Pratt, J. M., Petty, J., Riba-Garcia, I., Robertson, D. H., Gaskell, S. J., Oliver, S. G. & Beynon, R. J. (2002). Dynamics of protein turnover, a missing dimension in proteomics. Mol Cell Proteomics 1, 579-91. [PUBMED] [PDF]

Functional genomic experiments frequently involve a comparison of the levels of gene expression between two or more genetic, developmental, or physiological states. Such comparisons can be carried out at either the RNA (transcriptome) or protein (proteome) level, but there is often a lack of congruence between parallel analyses using these two approaches. To fully interpret protein abundance data from proteomic experiments, it is necessary to understand the contributions made by the opposing processes of synthesis and degradation to the transition between the states compared.
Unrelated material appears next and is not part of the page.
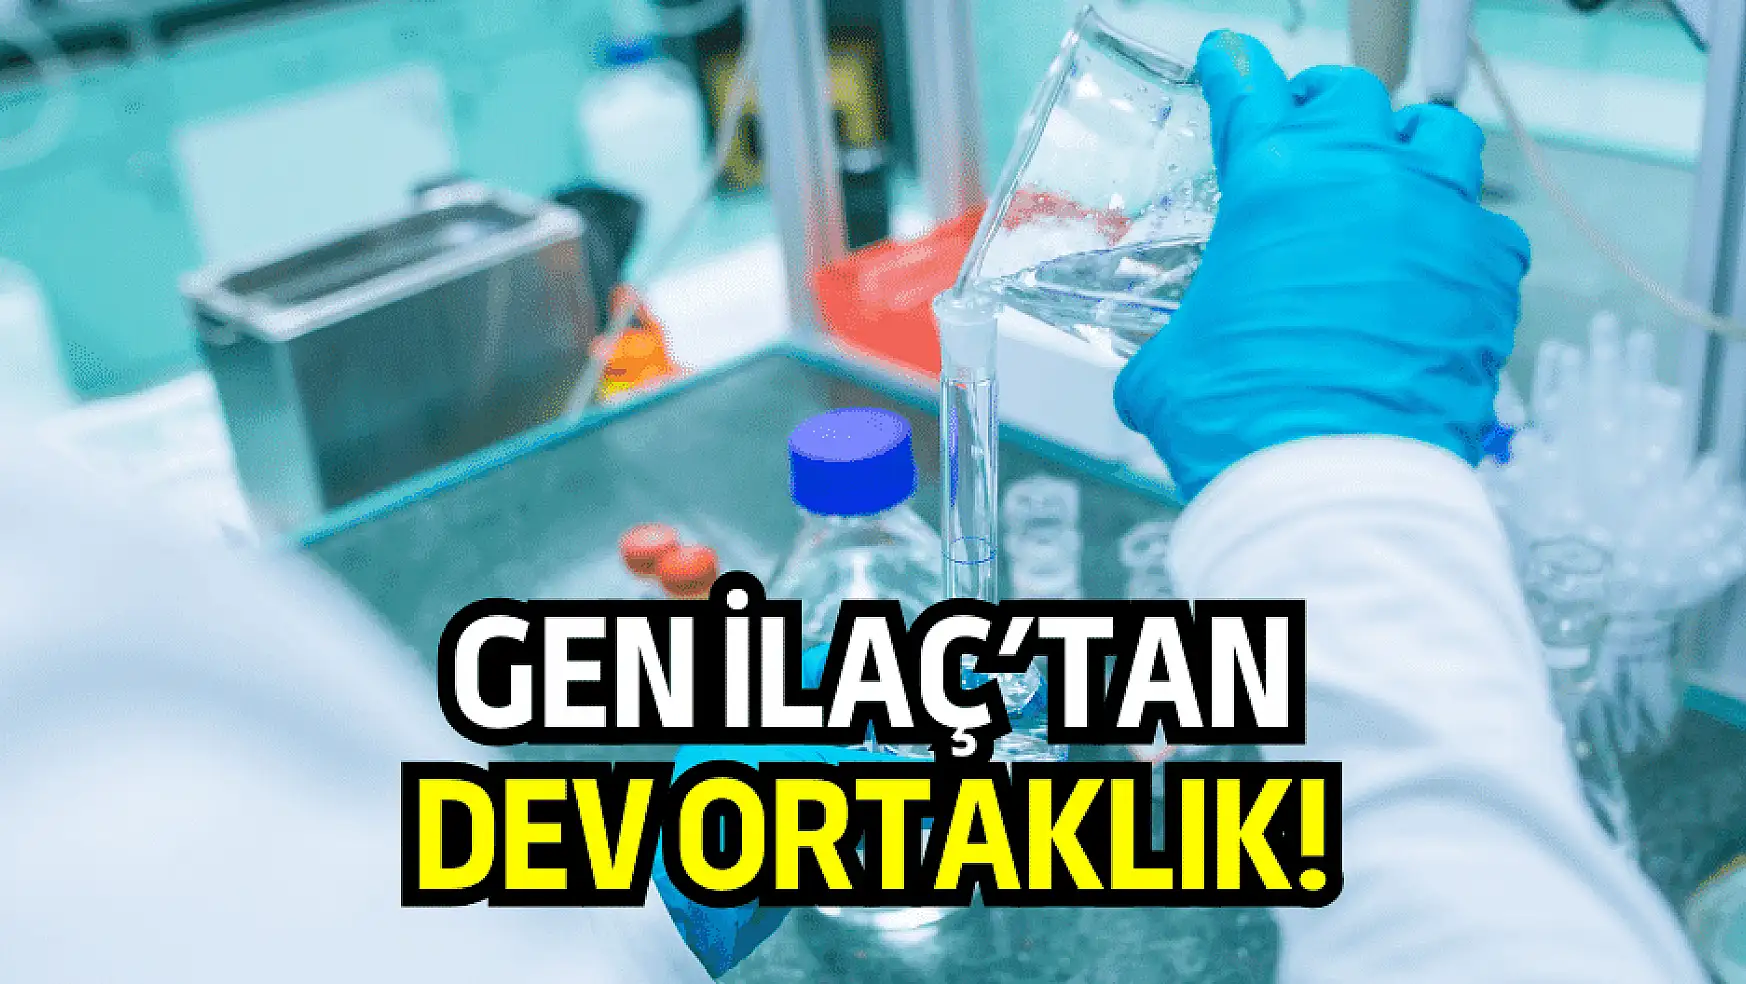 Dev ortaklık: BİST şirketi, Azerbaycan'da ilaç üretimine başlıyor!

Thus, there is a need for reliable methods to determine the rates of turnover of individual proteins at amounts comparable to those obtained in proteomic experiments. Here, we show that stable isotope-labeled amino acids can be used to define the rate of breakdown of individual proteins by inspection of mass shifts in tryptic fragments. The approach has been applied to an analysis of abundant proteins in glucose-limited yeast cells grown in aerobic chemostat culture at steady state. The average rate of degradation of 50 proteins was 2.2%/h, although some proteins were turned over at imperceptible rates, and others had degradation rates of almost 10%/h. This range of values suggests that protein turnover is a significant missing dimension in proteomic experiments and needs to be considered when assessing protein abundance data and comparing it to the relative abundance of cognate mRNA species.